Well if it makes you feel any better, a few weeks ago I took a dog to an ATTS test. I pre-entered and was hoping to go early, but it looked like the host club put all their entries first (ok, fair enough). We were supposed to start at 11am and I was in the 10th spot. The test itself takes *maybe* two minutes. We arrive a bit early to check in and everything looked organized and ready. Ha! We started really late (not sure why). Like this SchH trial there was one judge and then two other people apprenticing. After every test they discussed forEver. Then one of the apprentices went to use the restroom and ended up being taken to the ER because she was not feeling well (elderly woman). This was only two dogs in and we were already like 1.5 hours behind. Luckily there was someone else qualified to step in as the second apprentice, but that involved changing some paperwork. Then we had issues with volunteers not performing their tasks correctly. A stick broke and it took and elderly gentleman about 15 minutes to pick up a new one and bring it across the field (at which point my friend - who was slated to go last - went into the woods and began cutting lots of extra sticks to avoid this delay). Then someone else insisted on water. I found out they wanted to take a long break for lunch and begged one of the apprentices to at least let me go before lunch. It took forever and wasted a really nice day weather-wise but this is not even a rare experience as far as dog trials go. I have not been to many SchH trials but I have been to/in dozens of other shows and trials. At one of Nikon's UKC shows we were in the conformation ring after midnight. Then ironically the next day we did the same amount of shows in the same venue and were out before lunch. You just never know. I would not hold this experience against SchH trials specifically. It is just the nature of dog events in general.


----------



## DolphinGirl (Nov 5, 2010)

Chris Wild said:


> Yes, SchH trials are usually pretty long. Though I'd have to imagine that if they didn't get finished with OB until close to midnight, this must have been a night trial. We tend to have daytime trials here in MI, but to start at dawn and not be finished until close to dinner time isn't unusual. Yes, it's a long day for the dogs but really that's part of the point of a 3 phase sport testing if the dogs can work not just in terms of doing vastly different things on the same day, but in being able to handle a long day with a lot of pressure throughout that day.
> 
> As far as all the talking, well I guess I look at it this way. An apprentice judge is one day likely going to become a real judge. And I'd much rather have that person well educated before that happens than have them just go out and start judging dogs. So if the presiding judge is spending time talking with the apprentice, presumably educating that person, on each dog, comparing notes and scores to make sure the apprentice didn't miss anything and gets good training from his mentor, then I'm perfectly fine with that. That's the whole point of an apprentice program. If it were really 15 minutes, that's probably excessive. I've trialed where there have been apprentice judges and it always takes longer while they discuss things, and that's never bothered me. Never taken 15 minutes, but maybe this mentor was being really thorough, or the apprentice had a lot of questions. Either way, I don't see how making sure the next generation of judges is well taught is a bad thing and if that means a little inconvenience to people now, so be it. Anyone who's trialing under that judge in the future will no doubt appreciate that someone took the time to teach them.

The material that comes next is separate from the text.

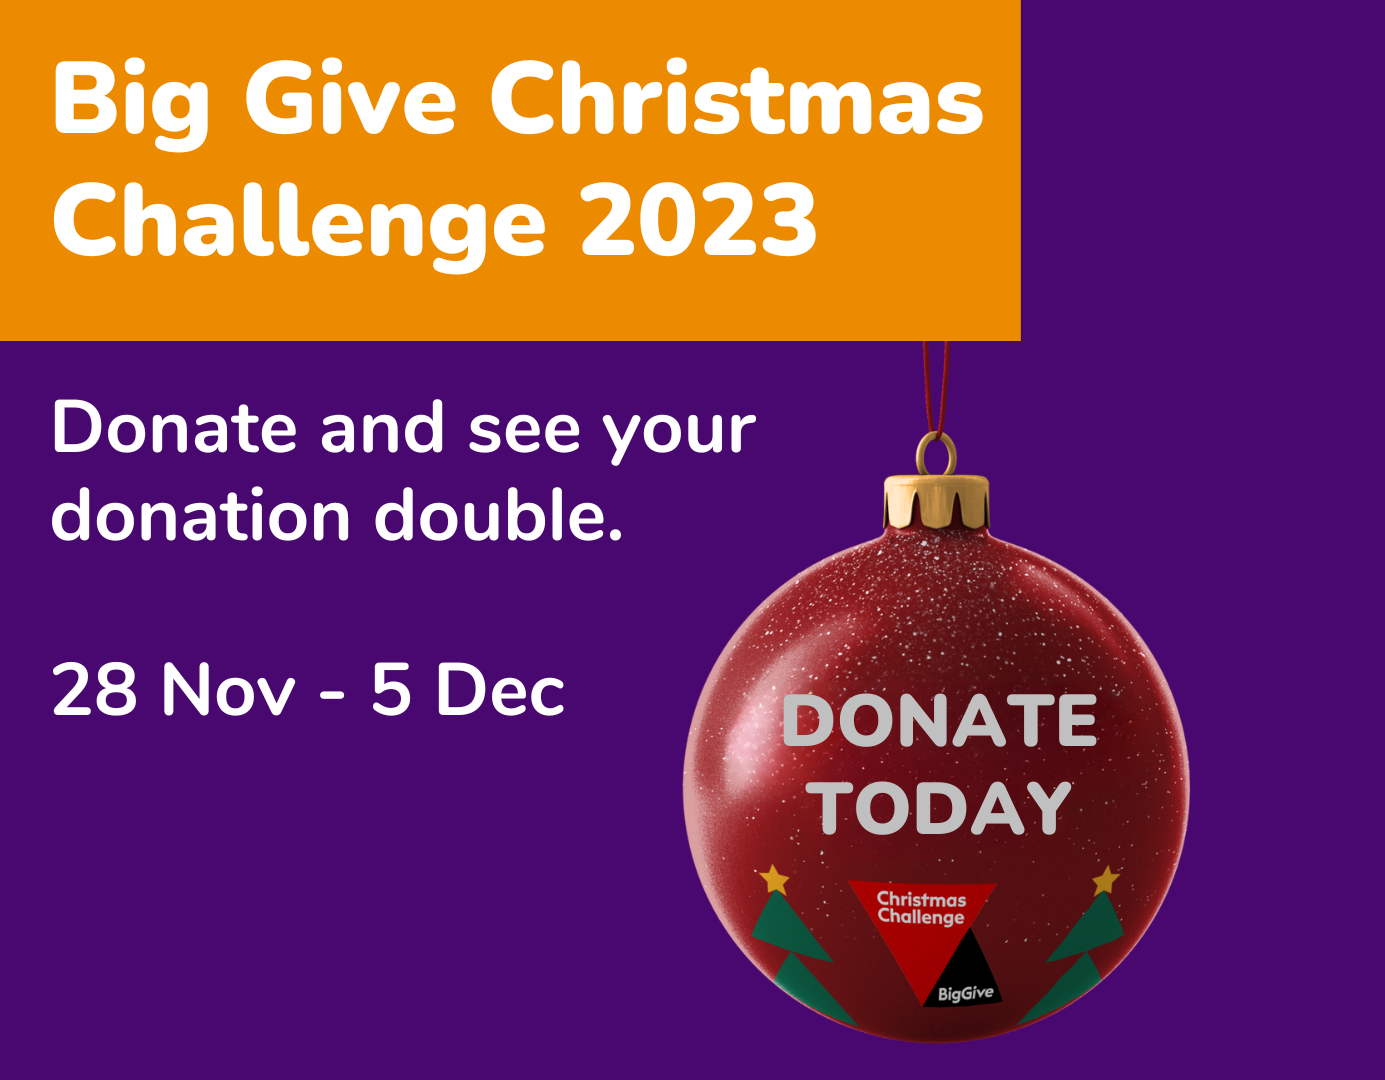 Big Give Christmas Challenge 2023 donate and see your donation double

BTW, Chris, thank you for that explaination. When I left the field I was thinking I saw my aquinance's dog not act 100% the way I have seen him in training. (I have trained with him in mornings and nights (6-8pm)). The judge commented on several dogs that they didnt have the energy level they should. I was wondering if the late hours, etc are the reasons for the differences? I understand for the level he was competing, it is required to be in different atmophere then a training one, but what about a level 1 or BH...same idea? 

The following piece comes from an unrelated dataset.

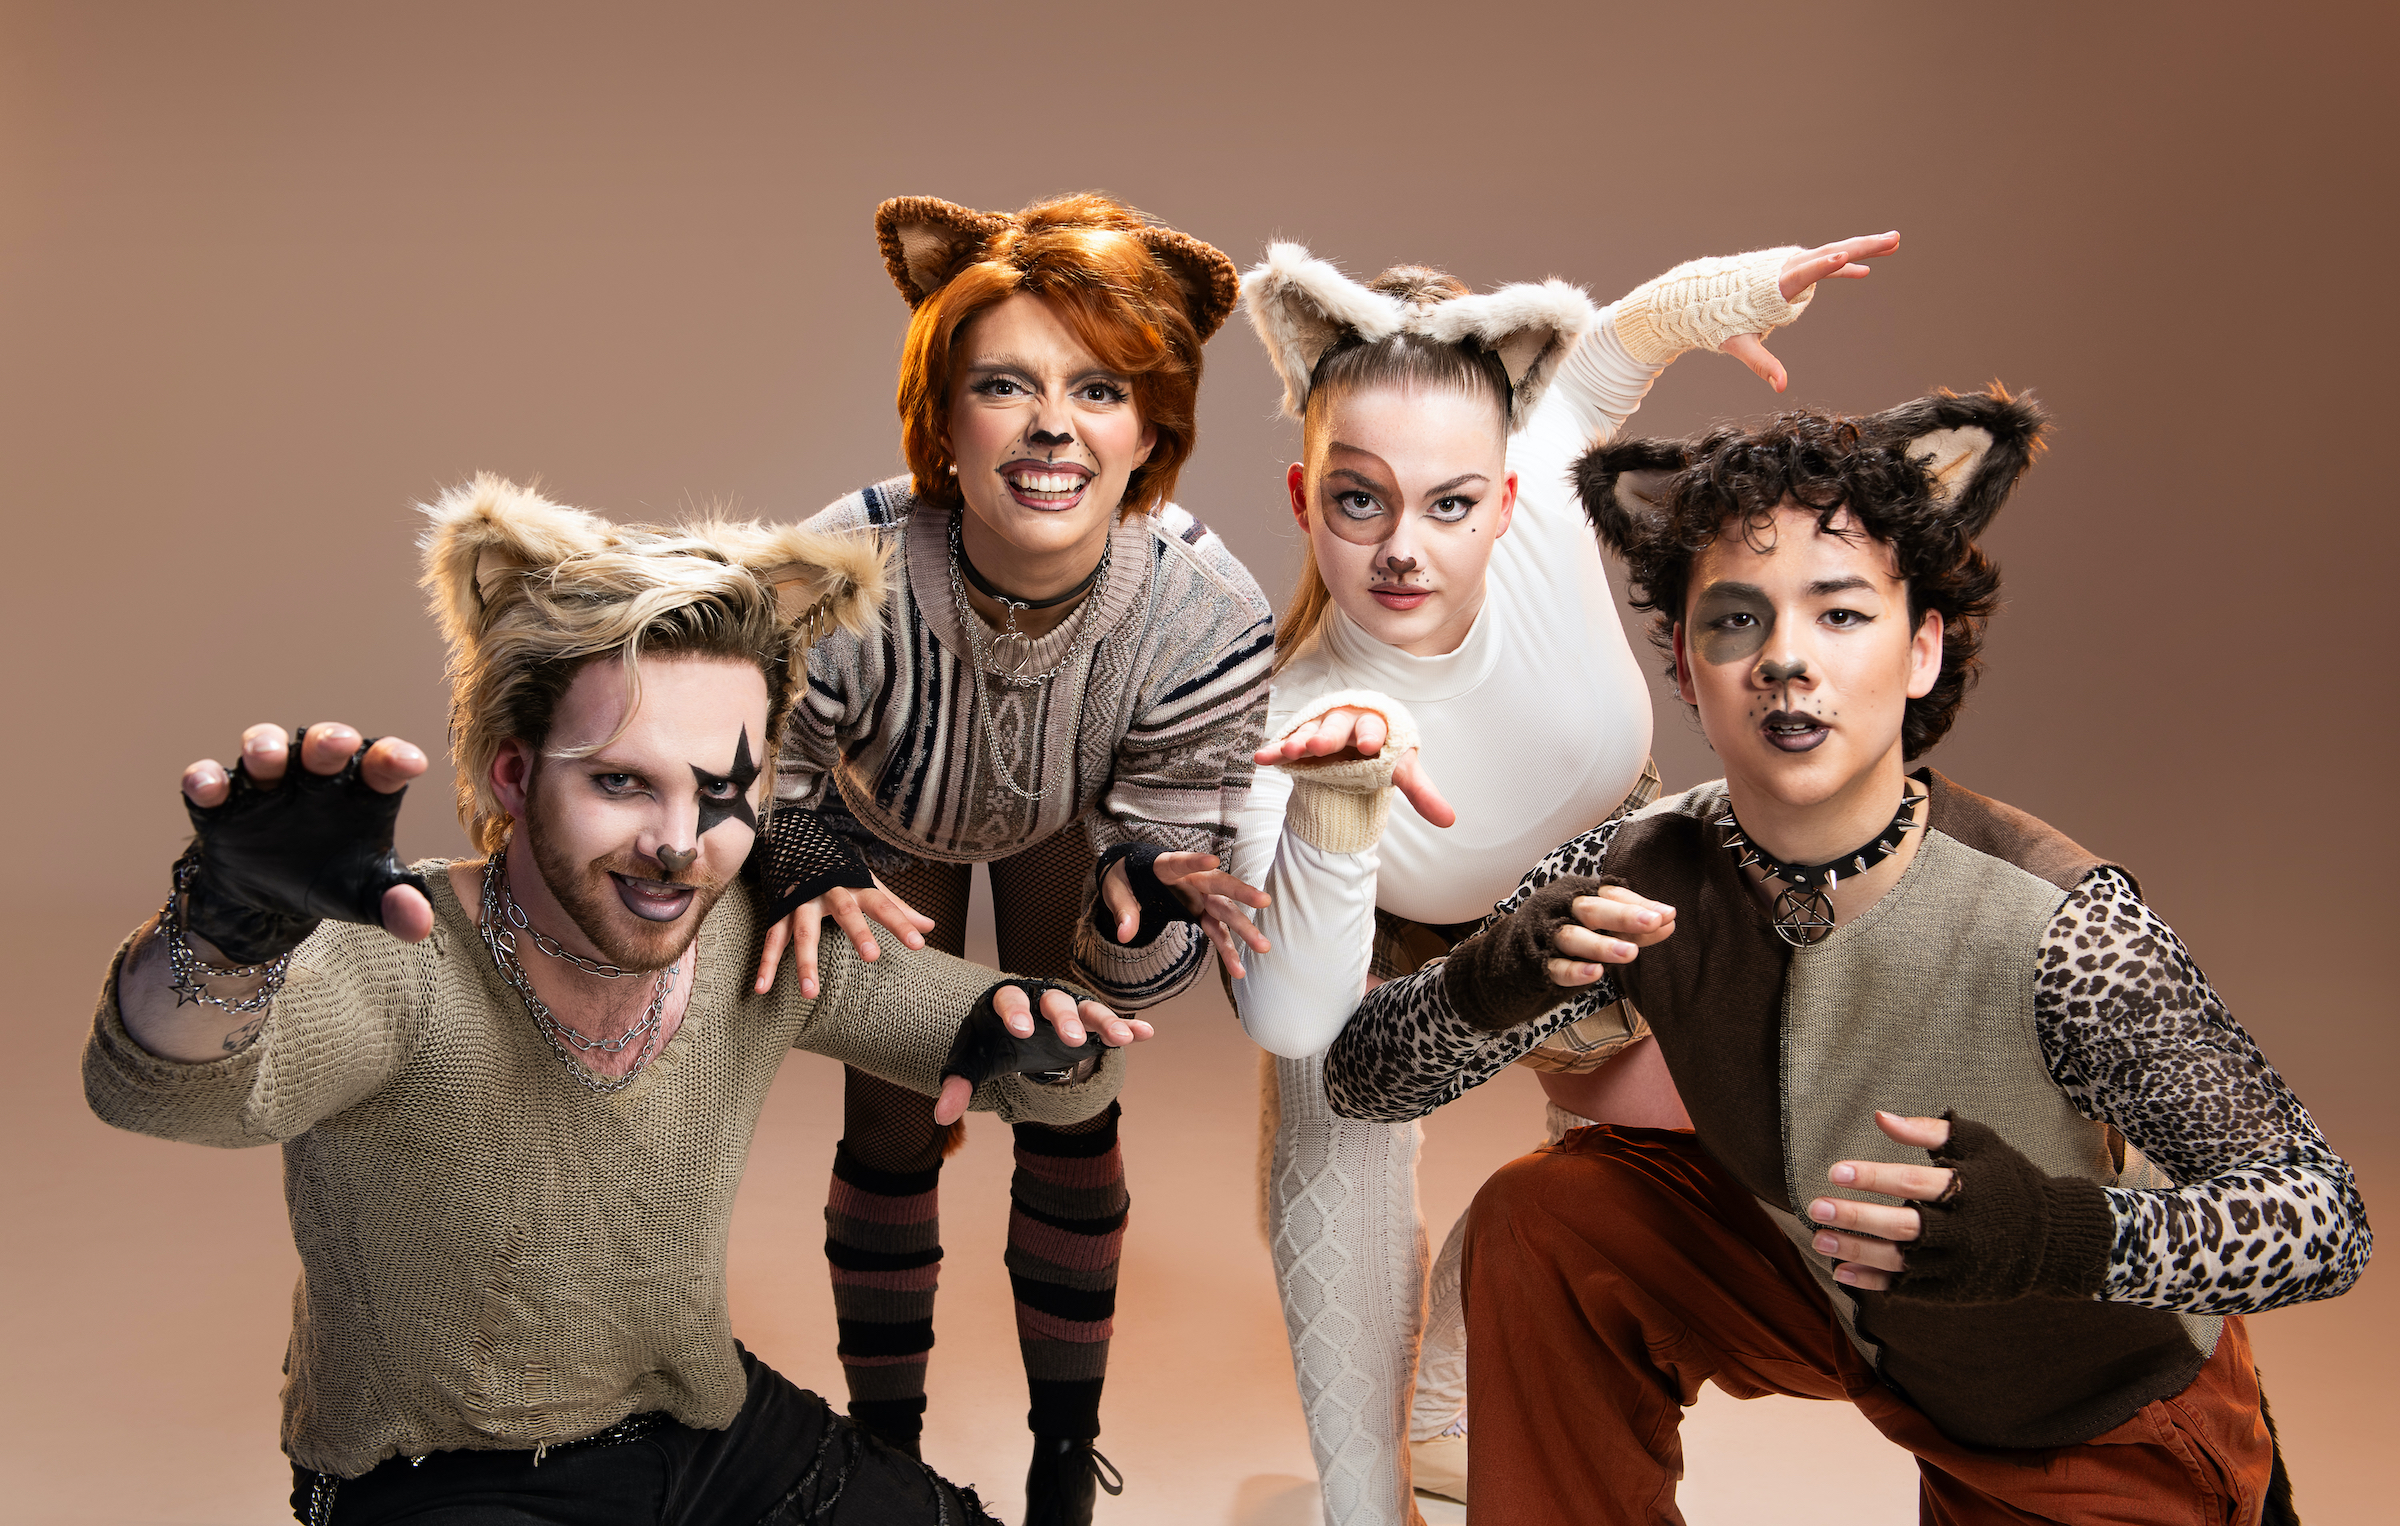 Four individuals wearing cat-like makeup with fluffy cat ears. Two on the outsides stand on one knee, while the two in the middle are slightly crouched. All four have their arms bent and posed as if they are pouncing at the camera.

As for this dog I was watching...he scored an 85 in OB after losing 10pts breaking his stay when the starter pistol sounded for the other dog. He scored a 90 in protection. I watched a video of his protection and he missed a blind and his bitework looked kinda flat. All in all he did great and the judge did comment that this is what a SchH III dog should look like.


----------



## DolphinGirl (Nov 5, 2010)

Liesje said:


> Well if it makes you feel any better, a few weeks ago I took a dog to an ATTS test. I pre-entered and was hoping to go early, but it looked like the host club put all their entries first (ok, fair enough). We were supposed to start at 11am and I was in the 10th spot. The test itself takes *maybe* two minutes. We arrive a bit early to check in and everything looked organized and ready. Ha! We started really late (not sure why). Like this SchH trial there was one judge and then two other people apprenticing. After every test they discussed forEver. Then one of the apprentices went to use the restroom and ended up being taken to the ER because she was not feeling well (elderly woman). This was only two dogs in and we were already like 1.5 hours behind. Luckily there was someone else qualified to step in as the second apprentice, but that involved changing some paperwork. Then we had issues with volunteers not performing their tasks correctly. A stick broke and it took and elderly gentleman about 15 minutes to pick up a new one and bring it across the field (at which point my friend - who was slated to go last - went into the woods and began cutting lots of extra sticks to avoid this delay). Then someone else insisted on water. I found out they wanted to take a long break for lunch and begged one of the apprentices to at least let me go before lunch. It took forever and wasted a really nice day weather-wise but this is not even a rare experience as far as dog trials go. I have not been to many SchH trials but I have been to/in dozens of other shows and trials. At one of Nikon's UKC shows we were in the conformation ring after midnight. Then ironically the next day we did the same amount of shows in the same venue and were out before lunch. You just never know. I would not hold this experience against SchH trials specifically. It is just the nature of dog events in general.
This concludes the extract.